17crypto_T3_soln
Crypto & SecDev
Tutorial 3 Solutions 1 © 2017 Ron Poet
Tutorial 3 Solutions
1. Use the mod 23 encryption system in Lecture 7 to construct a lookup table when the
known plaintext is ‘P’ (14). Use it to find the key when the ciphertext is ‘E’ (4)
Multiply the plaintext and key for key values 1 to 22.

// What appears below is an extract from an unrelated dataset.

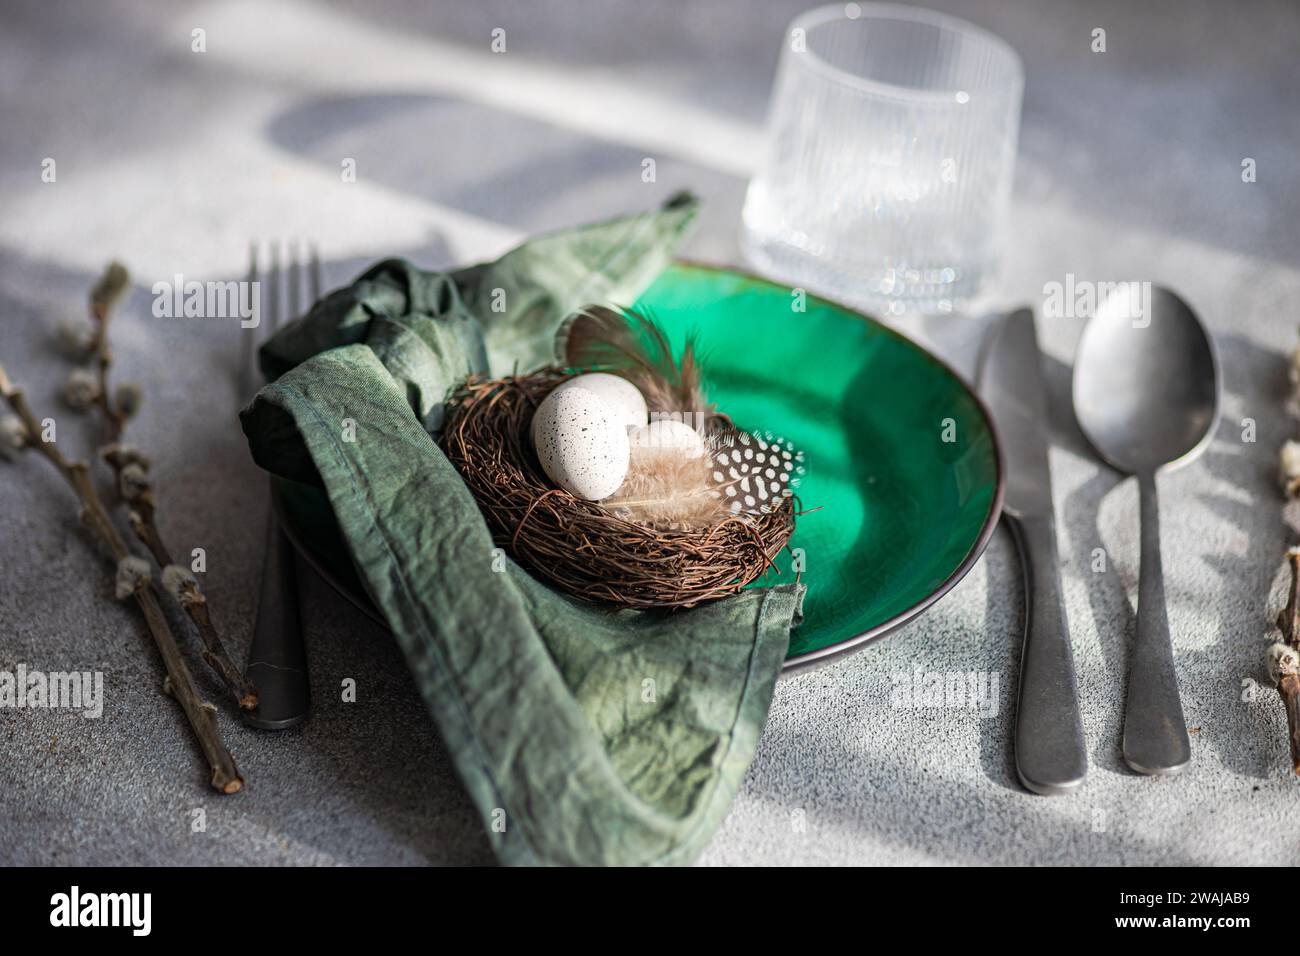 Angle élevé de la table de Pâques, présentant une assiette en céramique verte vibrante avec un petit nid avec des œufs tachetés et des plumes, placé sur une surface grise Banque D'Images
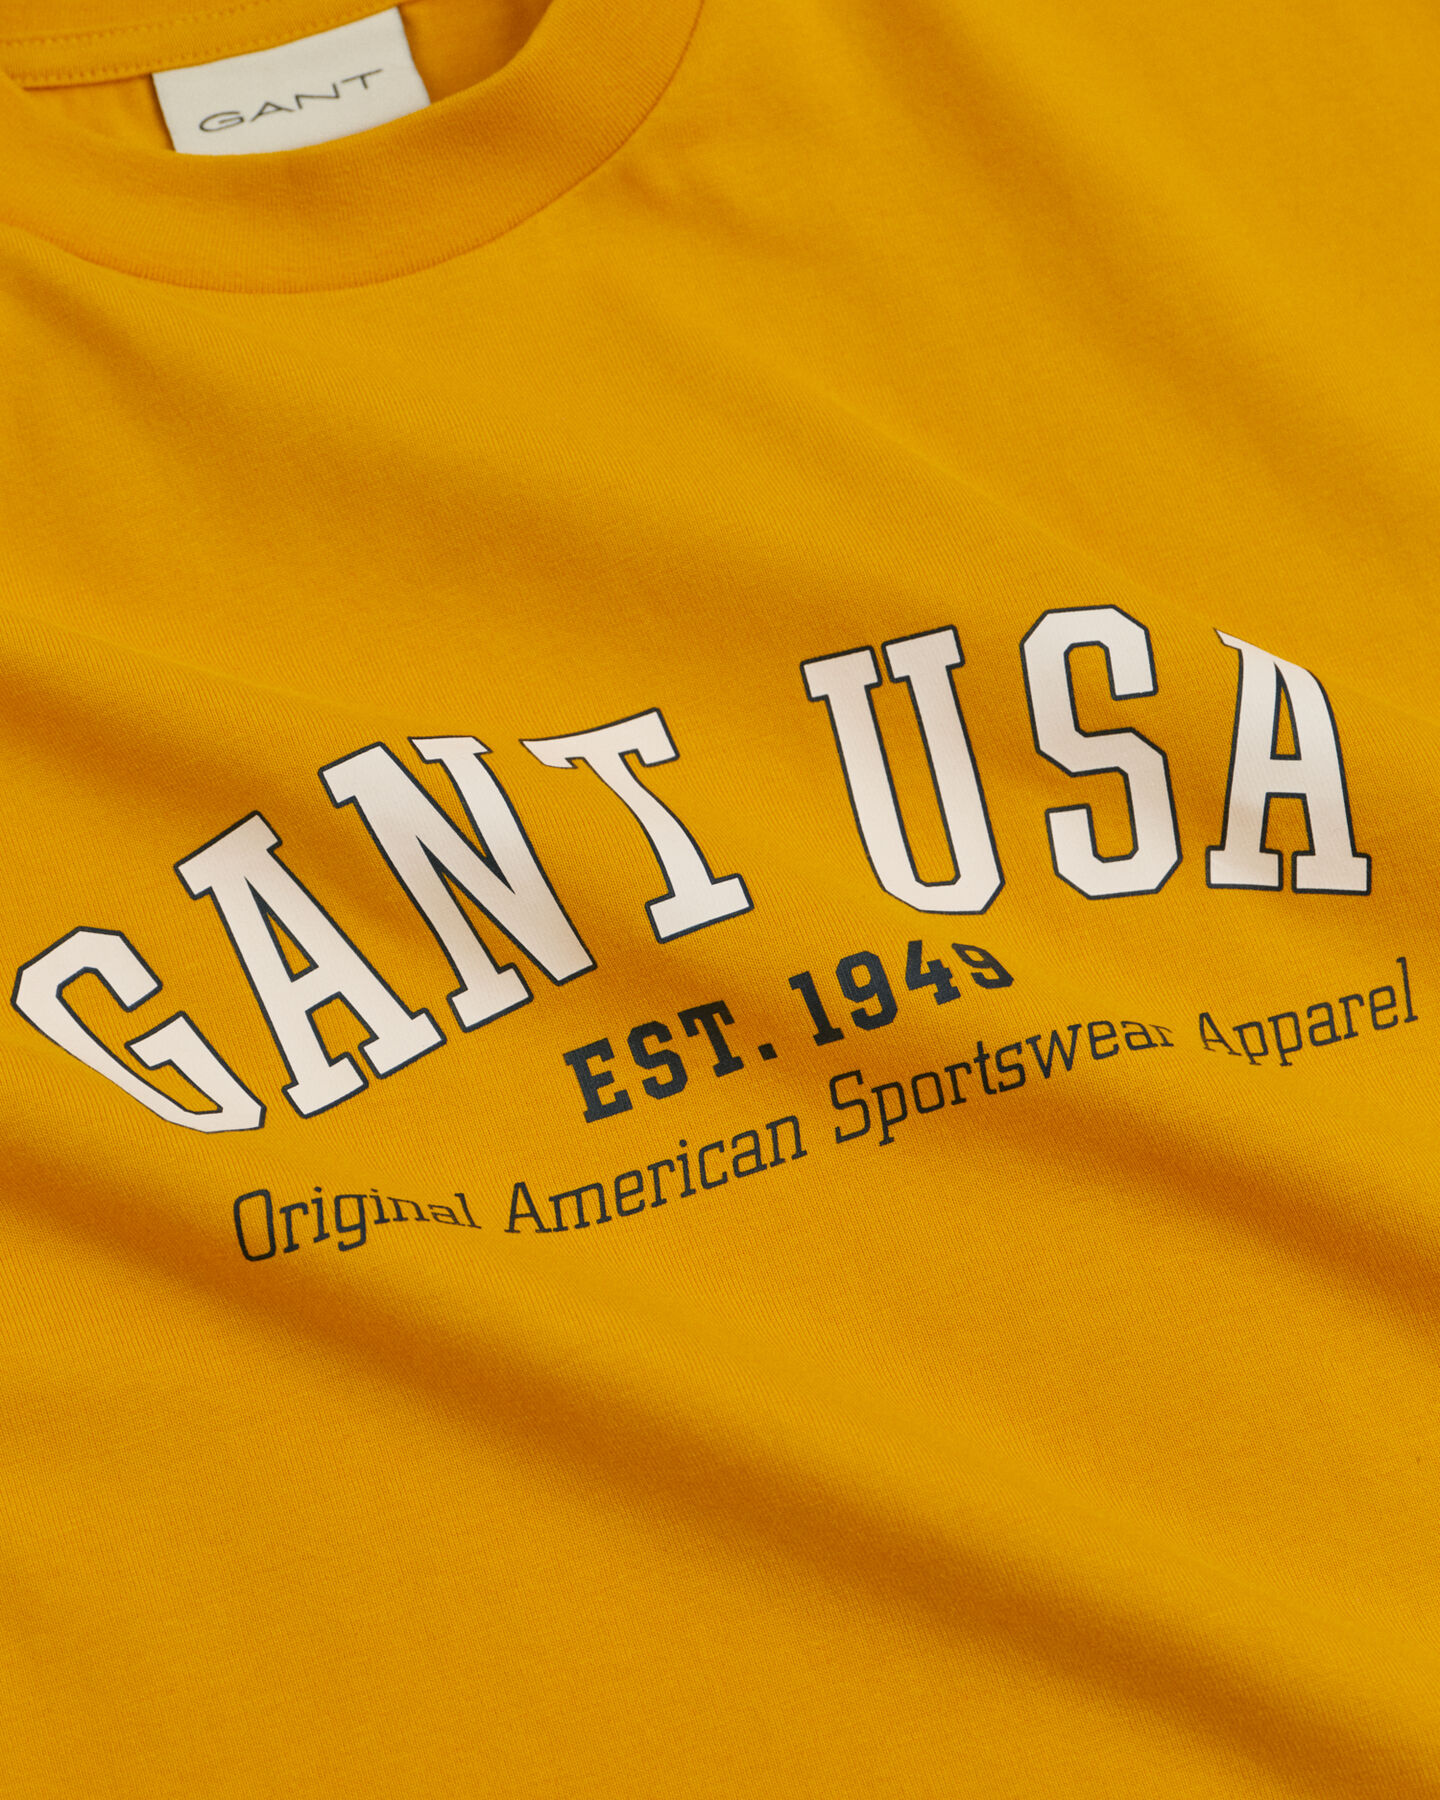 GANT USA T-Shirt - GANT

1*14=14, 2*14=5, 3*14=19, 4*14=10, 5*14=1, 6*14=15, 7*14=6, 8*14=20,
9*14=11, 10*14=2, 11*14=16, 12*14=7, 13*14=21, 14*14=12, 15*14=3,
16*14=17, 17*14=8, 18*14=22, 19*14=13, 20*14=4, 21*14=18, 22*14=9.
Write as a table with the ciphertext as the primary key, first. Write the ciphertext
from 1 to 22 first and then fill in the keys.
1- 5 7-12 13-19 19- 3
2-10 8-17 14- 1 20- 8
3-15 9-22 15- 6 21-13
4-20 10- 4 16-11 22-18
5- 2 11- 9 17-16
6- 7 12-14 18-21
Lookup ciphertext 4 to get key 20.
2. Now construct a time-memory trade off table with 5 chains each of length 5 when
the known plaintext is ‘P’ (14). How many duplicates and how many missing keys
are there? Use it to find the key when the ciphertext is ‘E’ (4).
Use the work from question 2 to create the chains. We need to pick 5 random keys
to start the process.
2 → 5 → 1 → 14 → 12 → 7
4 → 10 → 2 → 5 → 1 → 14
9 → 11 → 16 → 17 → 8 → 20
13 → 21 → 18 → 22 → 9 → 11
15 → 3 → 19 → 13 → 21 → 18
The first 5 numbers in each chain is a potential key. There are 25 in total. 2, 5, 1,
9, 13, 21 are duplicate. 6, 7, 20 are missing.
The table is:
7- 2
14- 4
20- 9
11-13
18-15
Ciphertext 4 is not end value, encrypt it to get 10.
10 is not an end value, encrypt it to get 2.
2 is not an end value, encrypt it to get 5.
5 is not an end value, encrypt it to get 1.
1 is not an end value, encrypt it to get 14.
14 is an end value and so the key is in the chain starting with 4.
Crypto & SecDev
Tutorial 3 Solutions 2 © 2017 Ron Poet
We encrypted the ciphertext 5 times to find the value in the table. We must encrypt
the starting value ‘chain length’ – 5 = 5 -5 = 0 times to get the key. The key is 4.
3. How is encryption and decryption performed with a Feistal cipher? Prove that
decryption undoes encryption.
A Feistal cipher starts with an initial permutation, then performs a number of
encryption steps with a sub-key which is generated from the encryption key. It then
performs the reverse permutation. Each step splits the data into left and right
halves. The new left half is the old left half xored with a function of the right half
and the sub-key, while the right half remains unchanged. The two halves are then
swapped. Decryption performs the same steps but with the sub-keys in the reverse
order.
The initial permutation undoes the reverse of the initial permutation. Swapping
twice does not change the data. Xor with the same function twice has no effect.
The keys are used in the reverse order so that the last encrypted step is undone by
the first decrypted step because they are both using the same key. This applies to
all the steps.
4. Describe briefly how the DES algorithm implements the Feistel scheme, mentioning
in particular the role of the key length and also the so called S-Boxes. You do not
need to provide details of the actual S-Boxes, rather describe in general terms their
role in the algorithm.
DES has 16 complex steps, alternating with simple permutations. Separate sub
keys are used for each of the complex steps. It has a key size of 56 bits, reduced
from the original 128 bits after advice from the USA NSA. The S-Boxes are just
look up tables, designed for good confusion and diffusion.